Это было навсегда, пока не кончилось. Последнее советское поколение - читать онлайн бесплатно ознакомительный отрывок
Интервал:
Закладка:
Огромное количество однотипных пресуппозиций в авторитетном языке позднесоветского периода не означало, что советский читатель обязательно оказывался одурманен или терял возможность сомневаться в описании реальности, которое делалось в авторитетных текстах [78]. Идеологический эффект этих пресуппозиций заключался не в прямом навязывании аудитории некой конкретной интерпретации, а в более косвенном влиянии на аудиторию. С одной стороны, как мы видели, пресуппозиция способствовала деперсонализации языка, в результате которой субъективный голос каждого конкретного автора оказывался скрыт. Тот, кто писал или говорил на этом языке, превращался из производителя новых высказываний в ретранслятора существующих высказываний, что уменьшало личную ответственность автора за сказанное. С другой стороны, постоянное повторение форм этого описания реальности создавало у говорящих и у аудитории впечатление неизменности и неизбежности именно такого способа описания реальности, независимо от того, верили они ему или нет.

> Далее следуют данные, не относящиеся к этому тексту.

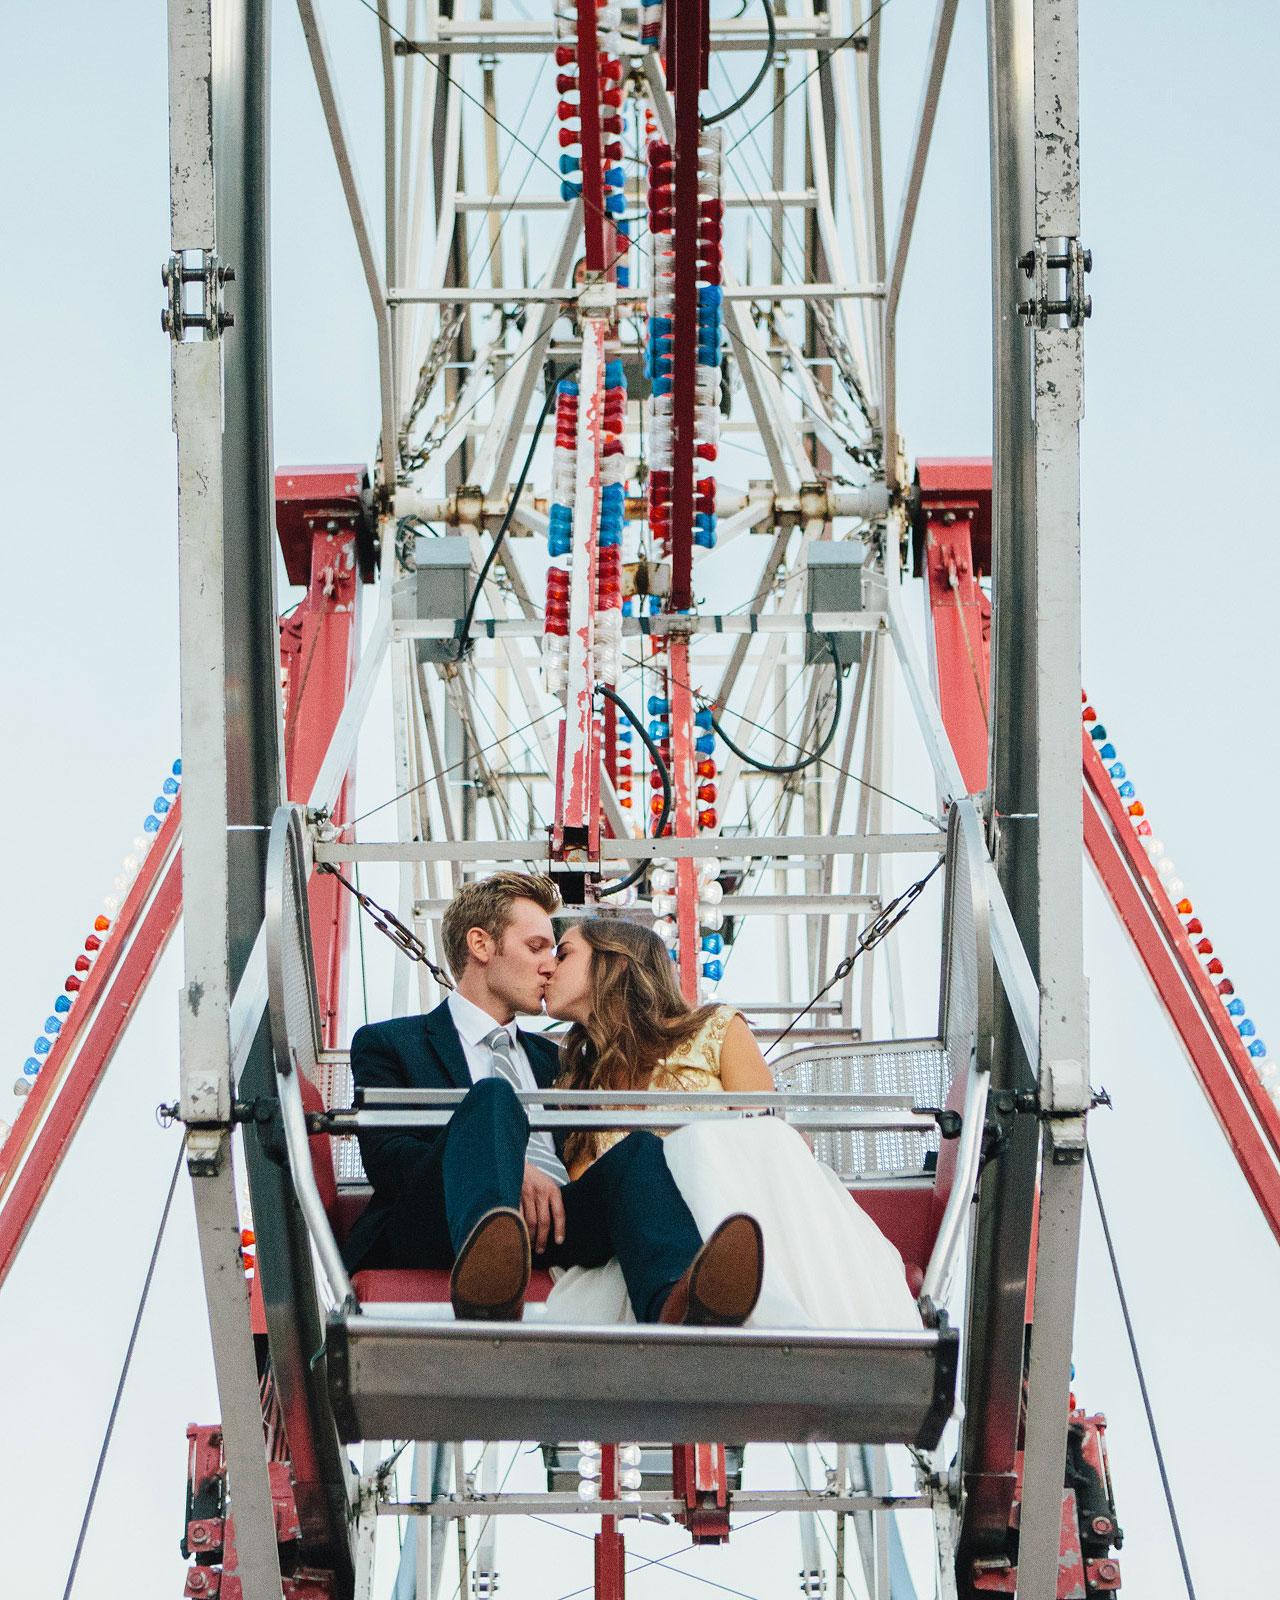 mackenzie-boman-wedding-ferriswheel-228-s112693-0316.jpg

Таким образом, языковые формы, которые, возможно, сформировались в советском идеологическом языке как способы создания пресуппозиций, начали выполнять несколько иную задачу. Как мы видели, в ранние периоды советской истории идеологический язык использовался в первую очередь для контроля над констатирующей составляющей смысла (буквальным смыслом), заключенной непосредственно «внутри» самих высказываний (именно поэтому Сталин с такой тщательностью редактировал книги по истории, научные статьи, художественные тексты и так далее). Однако позже, в период позднего социализма, когда авторитетный дискурс пережил перформативный сдвиг, эта изначальная цель была потеряна. Теперь констатирующий смысл высказываний на авторитетном языке стал относительно неважен и у них появилась новая функция, заключавшаяся не в представлении спорных фактов в виде неоспоримой истины, а в создании ощущения того, что именно такое описание реальности, и никакое иное, является единственно возможным и неизменным, хотя и не обязательно верным.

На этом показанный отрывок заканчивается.